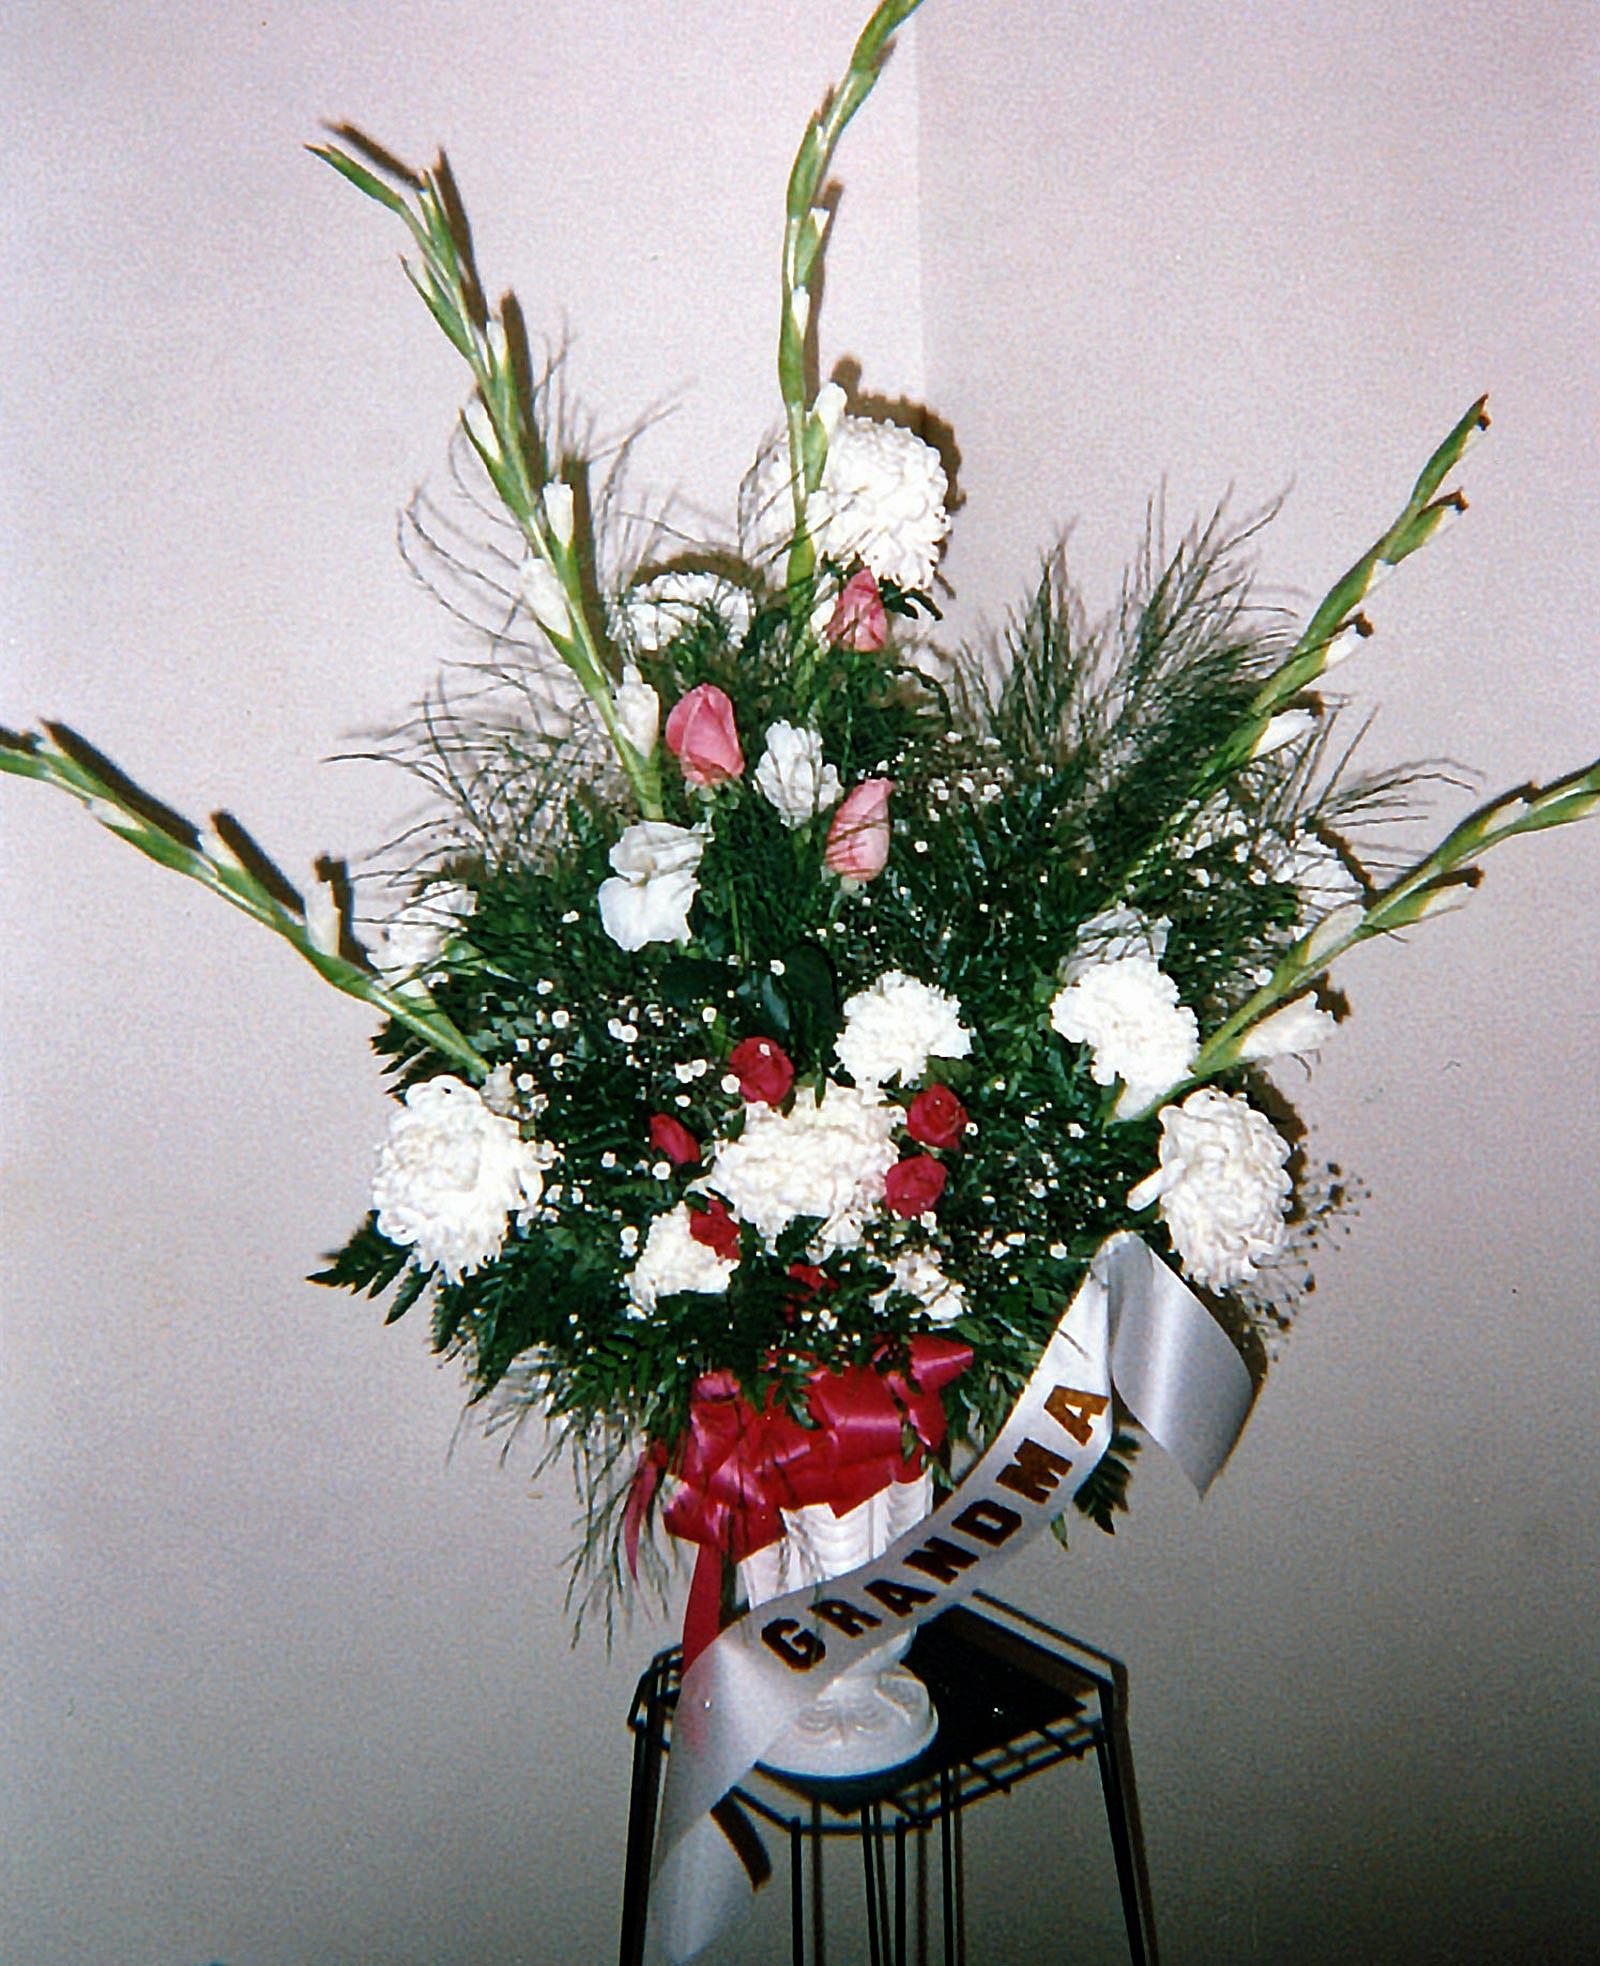 large sympathy arrangement, family - fresh flowers
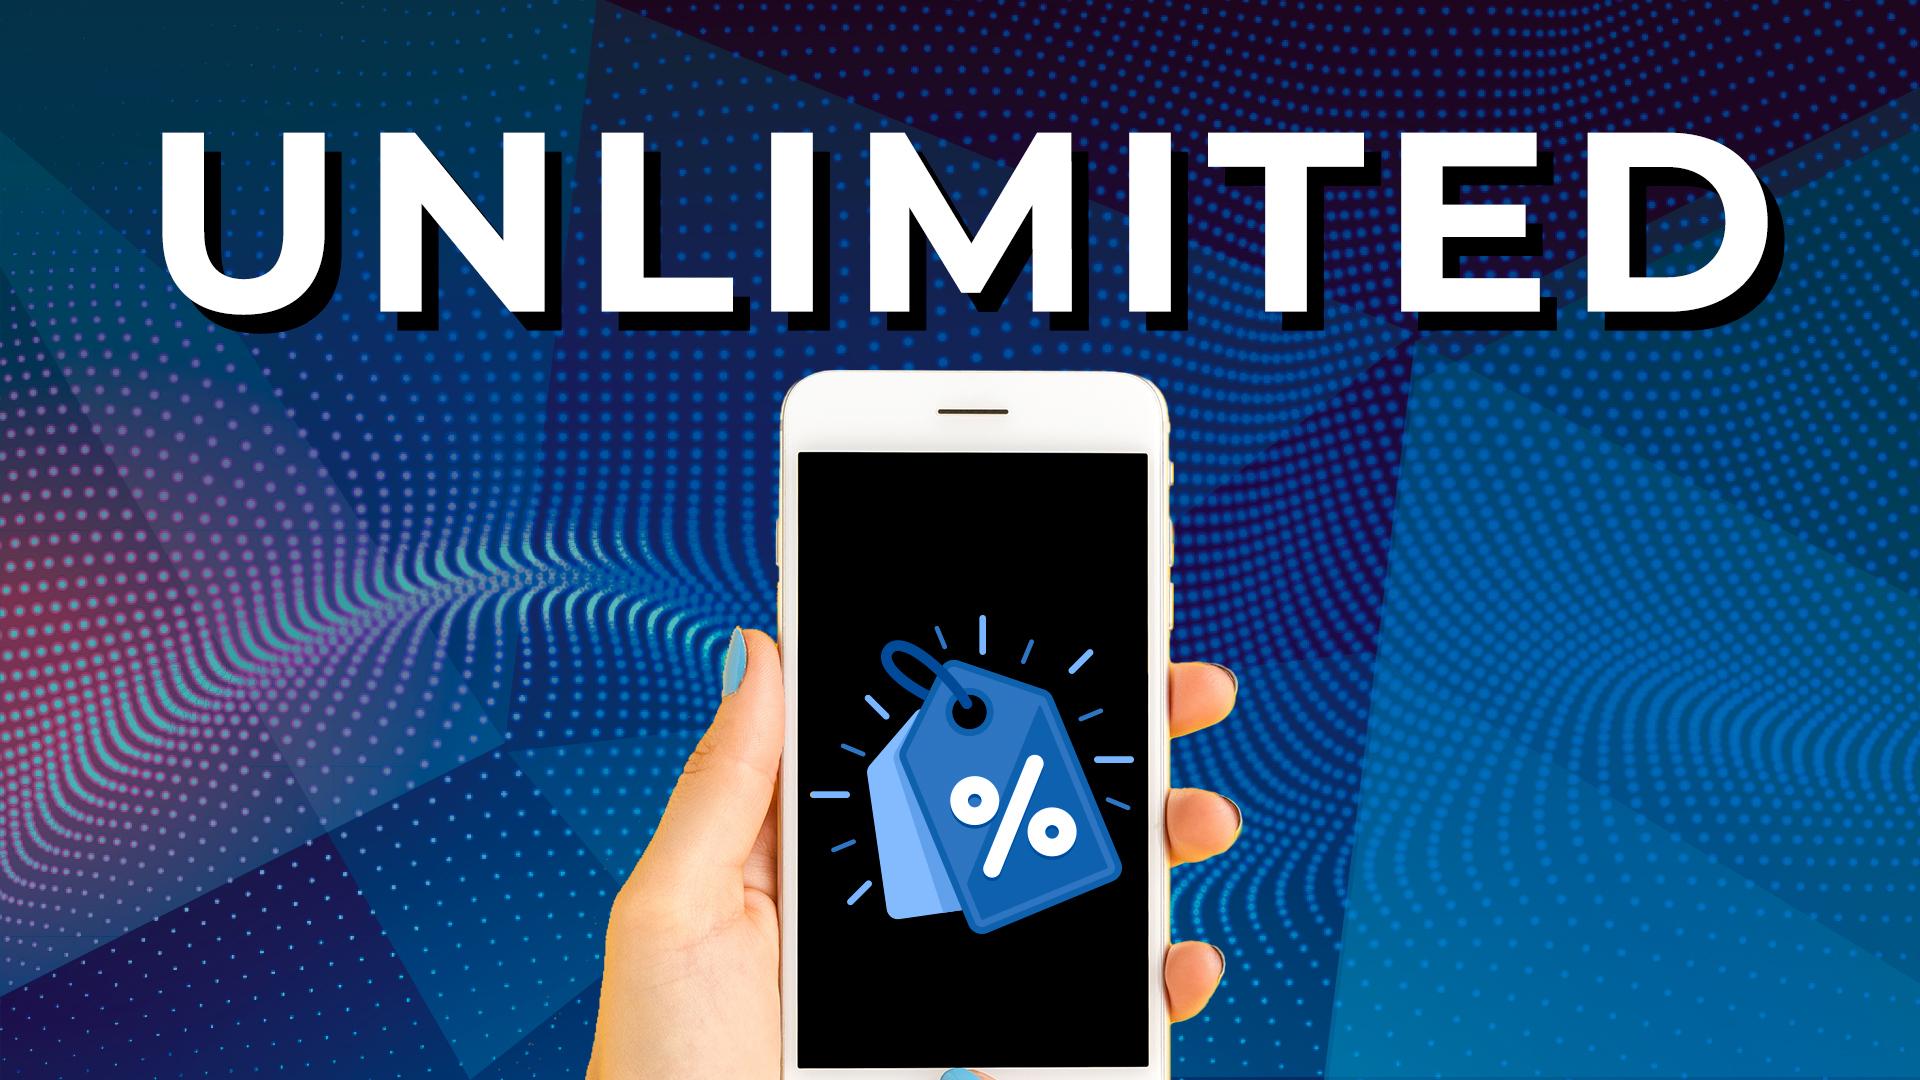 Smartphone, Mobilfunk, Tarif, Angebot, Flatrate, Mobilfunkanbieter, Telekommunikationsunternehmen, Mobilfunktarif, Mobilfunkvertrag, Unlimited, prozente, Handyvertrag, Unlimited Flat, DayFlat unlimited, unlimitiert
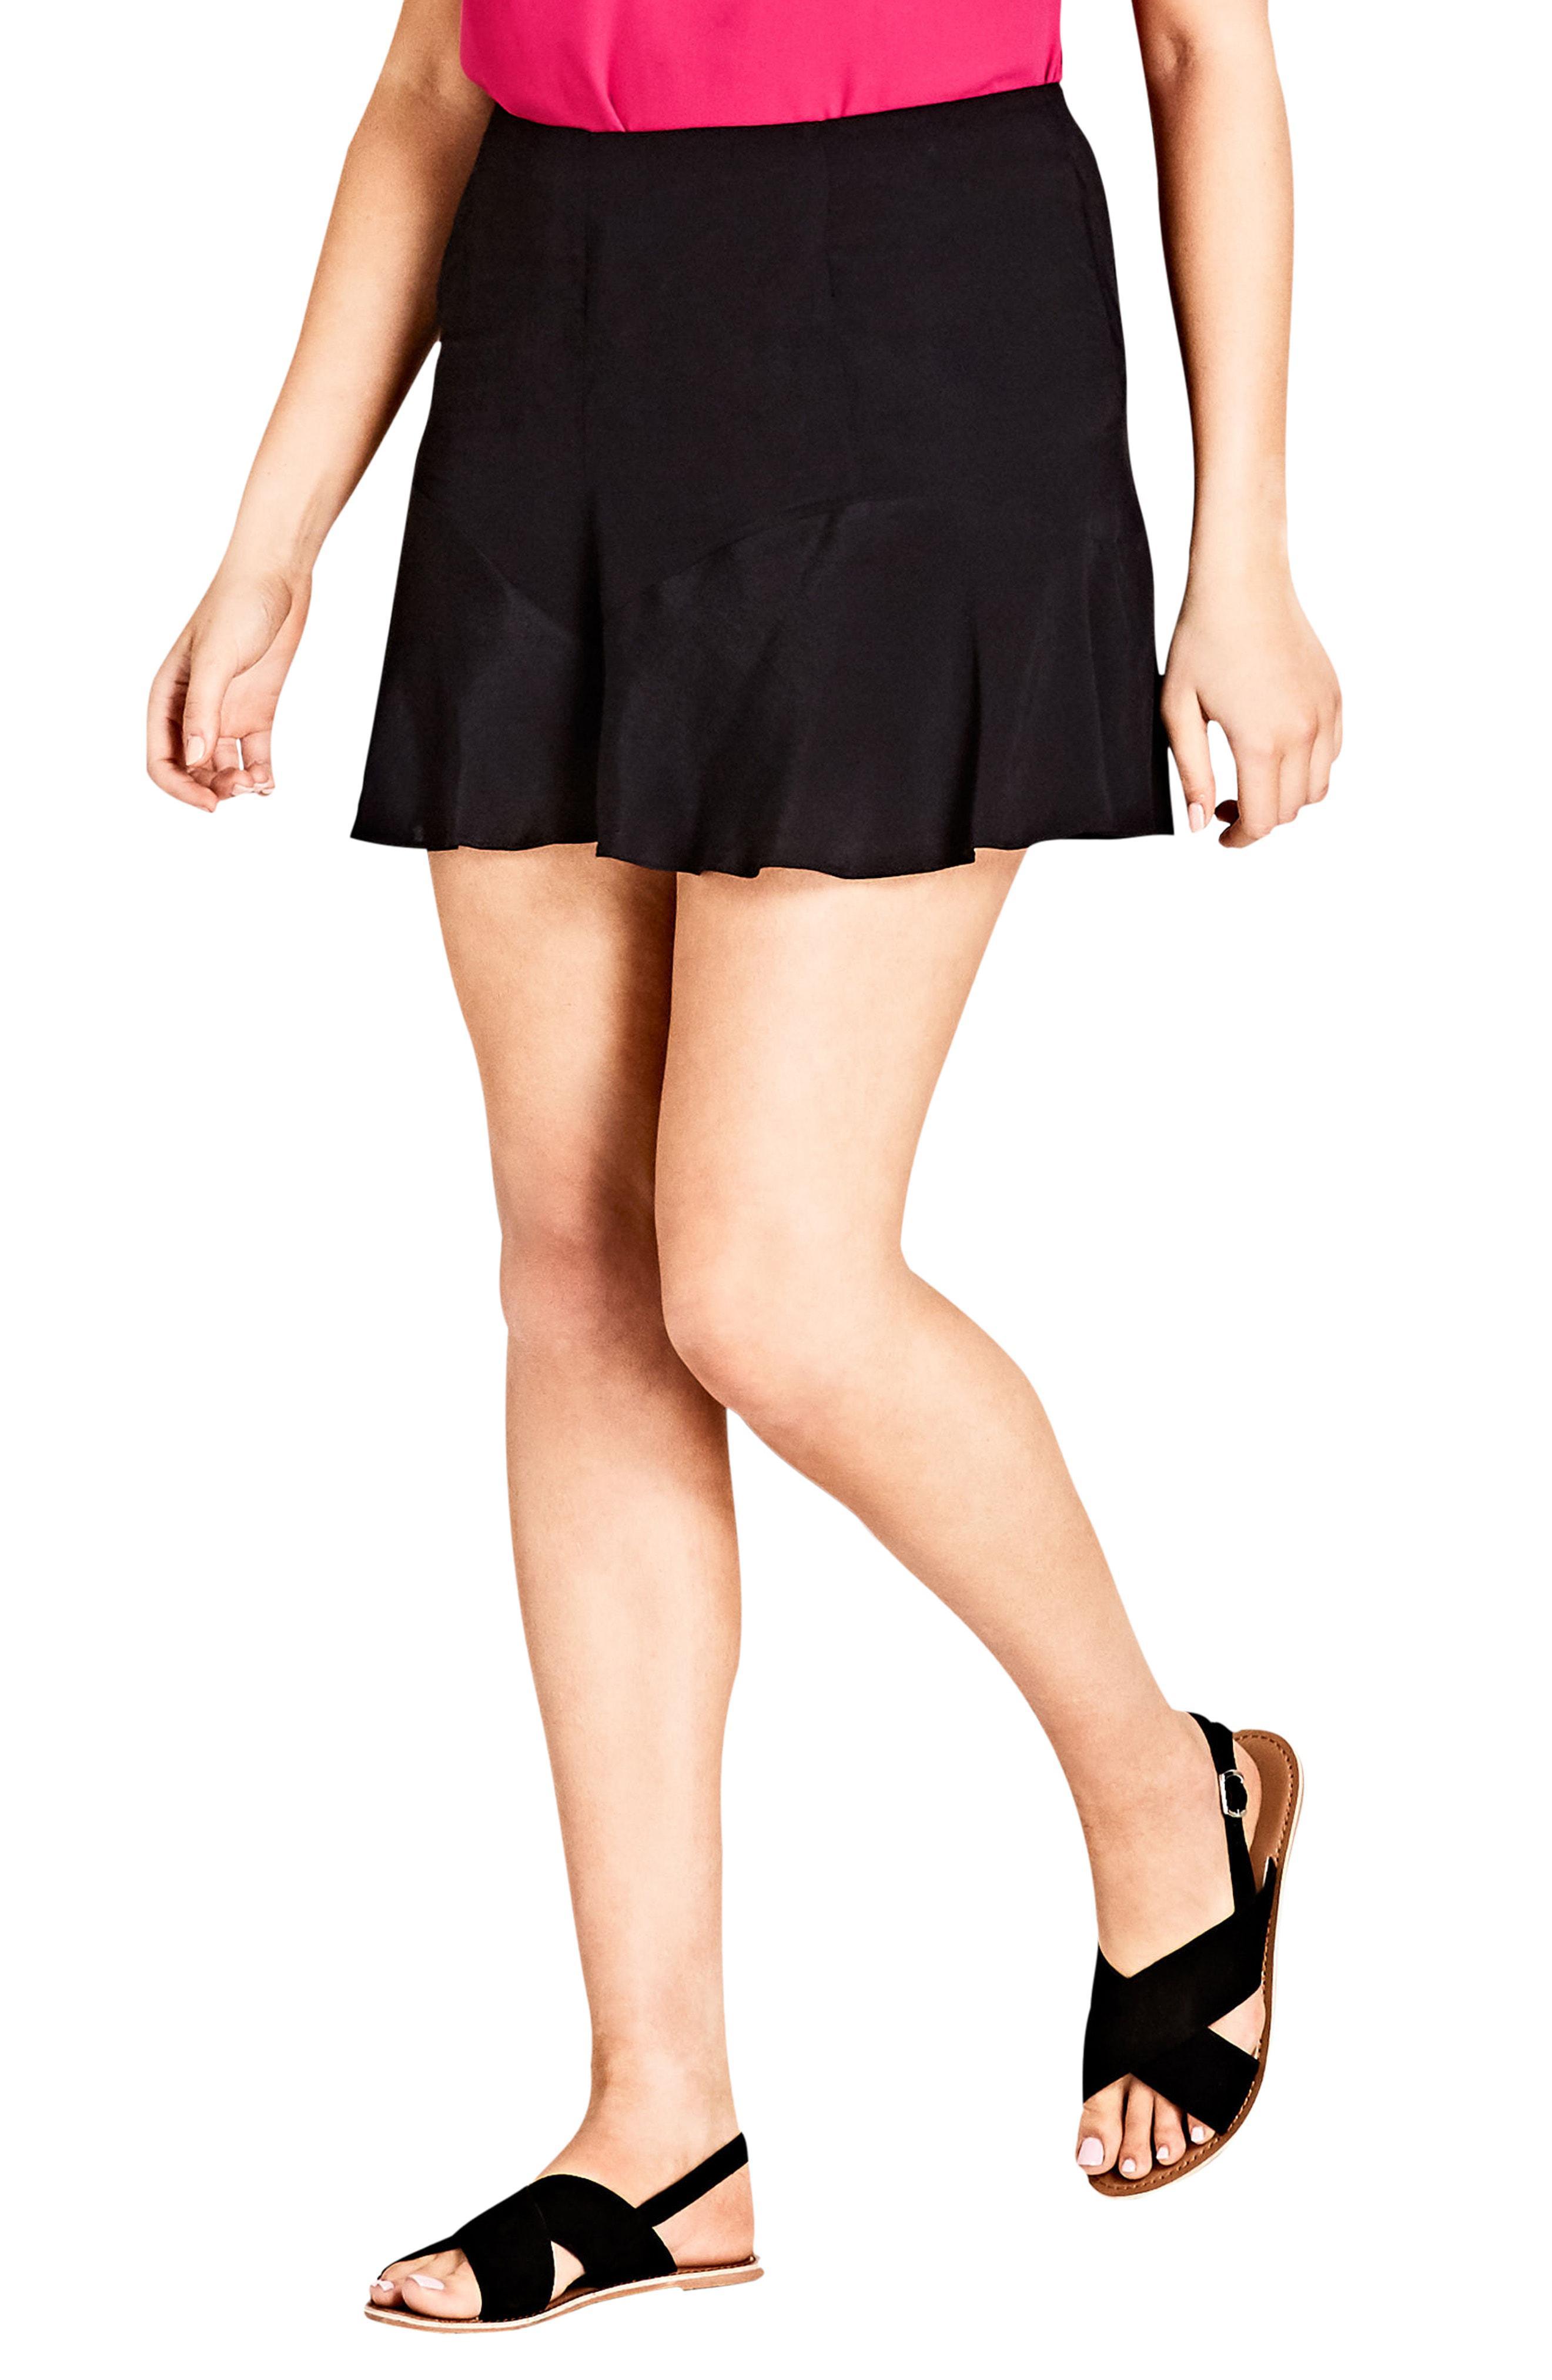 58e994f2707 Lyst - City Chic High Rise Ruffle Hem Shorts in Black - Save ...

WORK TASK: Reproduce the lines of the data that run from the one containing "DayFlat unlimited, unlimitiert" to the final line, both included, exactly as they appear and without the pictures.

OUTPUT FOR THIS EXERCISE:
 Smartphone, Mobilfunk, Tarif, Angebot, Flatrate, Mobilfunkanbieter, Telekommunikationsunternehmen, Mobilfunktarif, Mobilfunkvertrag, Unlimited, prozente, Handyvertrag, Unlimited Flat, DayFlat unlimited, unlimitiert
 58e994f2707 Lyst - City Chic High Rise Ruffle Hem Shorts in Black - Save ...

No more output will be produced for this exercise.